The round tube and plate fin construction is conventionally used in the non-mobile heat exchanger unit. Because the refrigerant is colder than the ambient air flowing around the tubes, condensate forms on the tubes and fins. Because the tubes have the circular-shaped cross-section, the condensate drains from the tubes in response to gravitational force. However, the condensate drains from the tubes along the entire length of the tubes. A large pan is required to collect the drained condensate and to prevent the condensate from draining on water-sensitive components of the heat exchanger unit.

The brazed construction has better heat transfer properties than the round tube and plate fin construction because brazing improves the thermal contact between the tubes and the fins and the hyper-ellipse-shaped cross-section of the tube creates less air flow resistance than do the round tubes. However, because the tubes have the hyper-ellipse-shaped cross-section, condensate does not drain from the tubes in response to gravitational force. In other words, condensate that forms on a top surface of the hyper-ellipse-shaped cross-section does not drain from the tubes in response to gravitational force. The condensate accumulates on the tubes and is subject to freezing on the tubes and fins. Water further accumulates on the tubes and fins in the form of frost. As more condensate forms and freezes on the tubes and fins, the frozen condensate and the frost increases the air flow resistance of the tubes and fins, which leads to a decrease in air flow and heat transfer.

Accordingly, it would be desirable to manufacture a heat exchanger unit including a heat exchanger with tubes wherein condensate is drained from the tubes to prevent the accumulation of the condensate on the tubes. In addition, it would be desirable to manufacture a heat exchanger unit whereby drained condensate is directed toward a common drainage point to manage the removal of the drained condensate.

SUMMARY OF THE INVENTION AND ADVANTAGES

The present invention is a heat exchanger unit comprising a support assembly and a heat exchanger. The support assembly has at least one support surface extending in a first plane. The heat exchanger is coupled to the support surface and fixed relative to the first plane. The heat exchanger includes a first manifold and a second manifold extending in spaced relationship with one another and a plurality of tubes spaced from one another and extending between and engaging the first manifold and the second manifold. The tubes communicate fluid between the first manifold and the second manifold. At least a portion of each of the tubes extend angularly relative to the first plane for draining condensate along the tubes toward a common drainage point to remove the condensate from the tubes and focus the condensate to the common drainage point.

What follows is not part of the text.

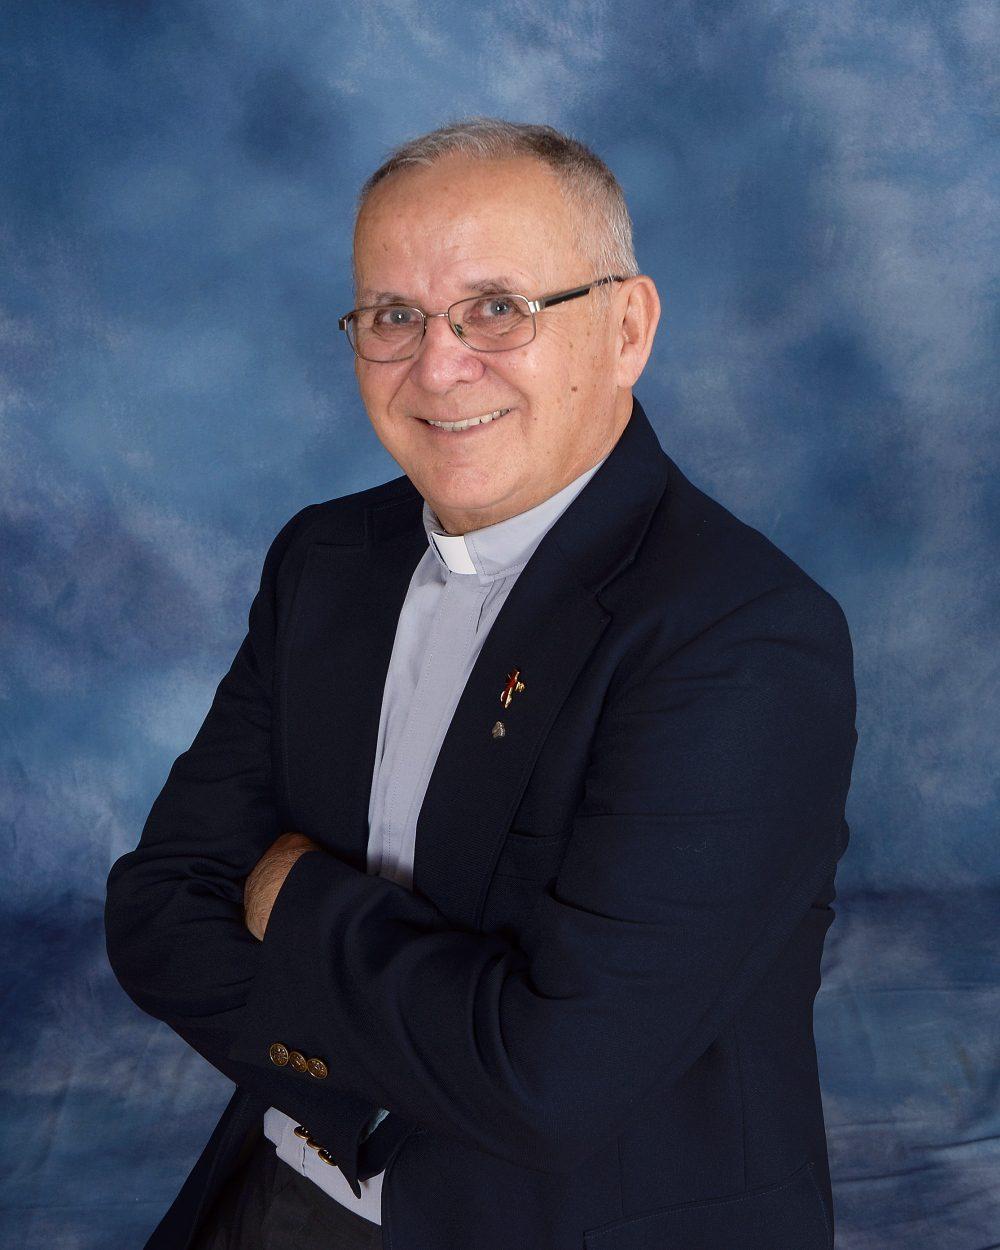 Deacon John Cunningham : Deacon
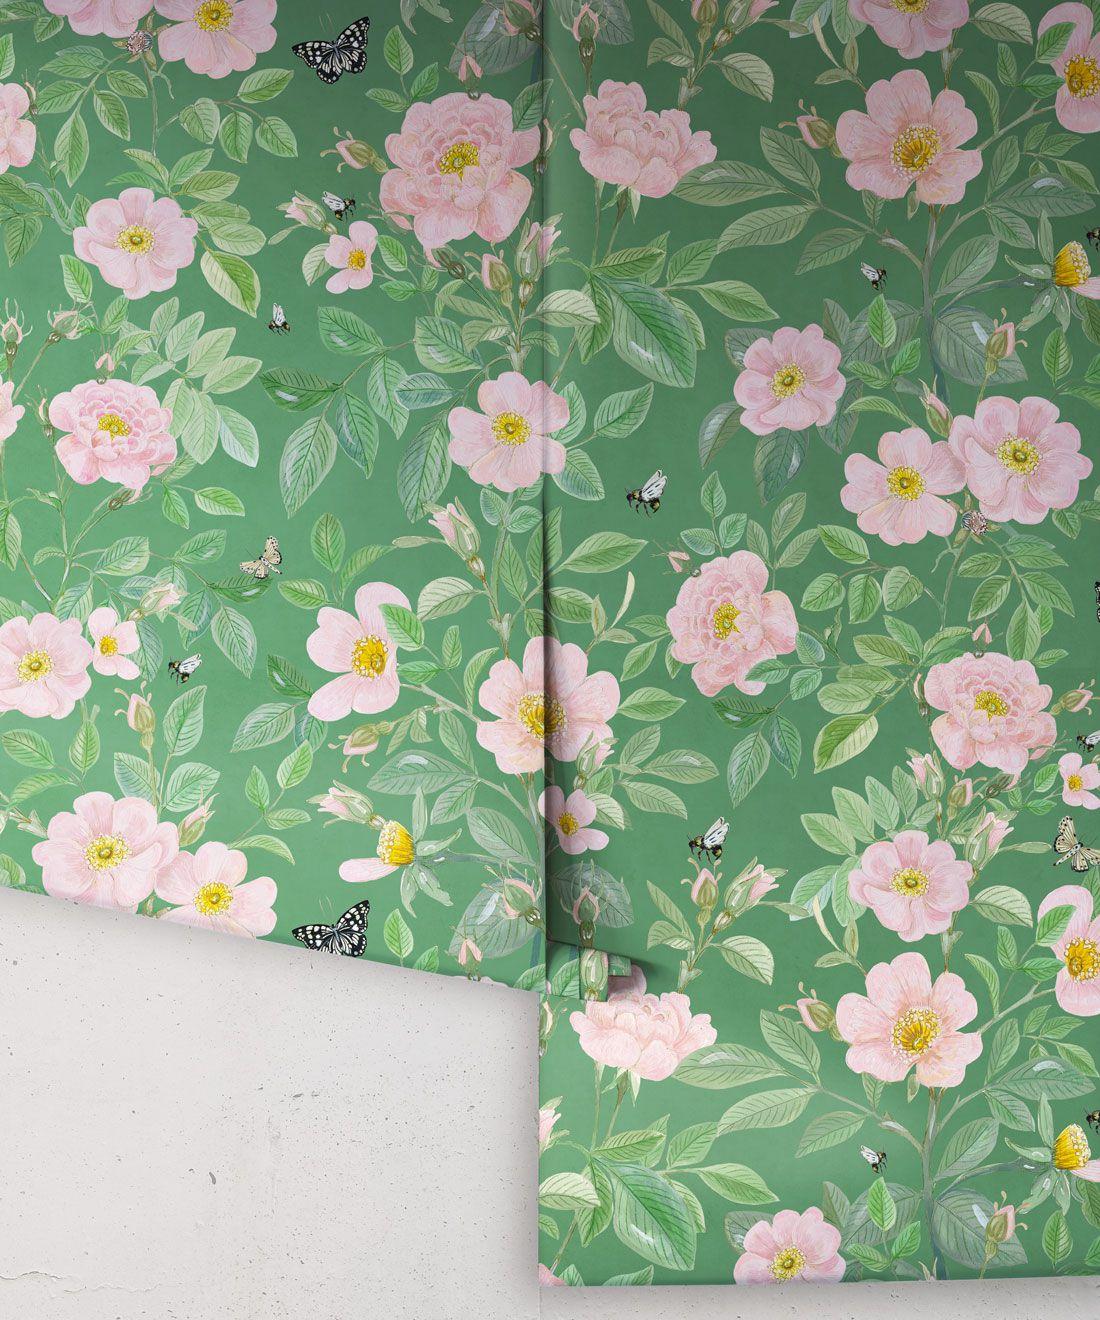 Rosa Wallpaper • Floral Wallpaper •Forest Green • Rolls

Accordingly, because the condensate is drained from the tubes, the condensate does not accumulate on the tubes and the fins. The prevention of the condensate from freezing maintains the free movement of air around the tubes of the heat exchanger and maintains the heat transfer capabilities of the heat exchanger.

In addition, the drainage of the condensate toward the common drainage point provides for efficient management of condensate. In other words, the condensate is drained toward the common drainage point to prevent the splashing or dripping of condensate from the tubes to the support assembly along the length of the tubes. The condensate is focused toward the common drainage point and is easily removed from the heat exchanger unit from the common drainage point.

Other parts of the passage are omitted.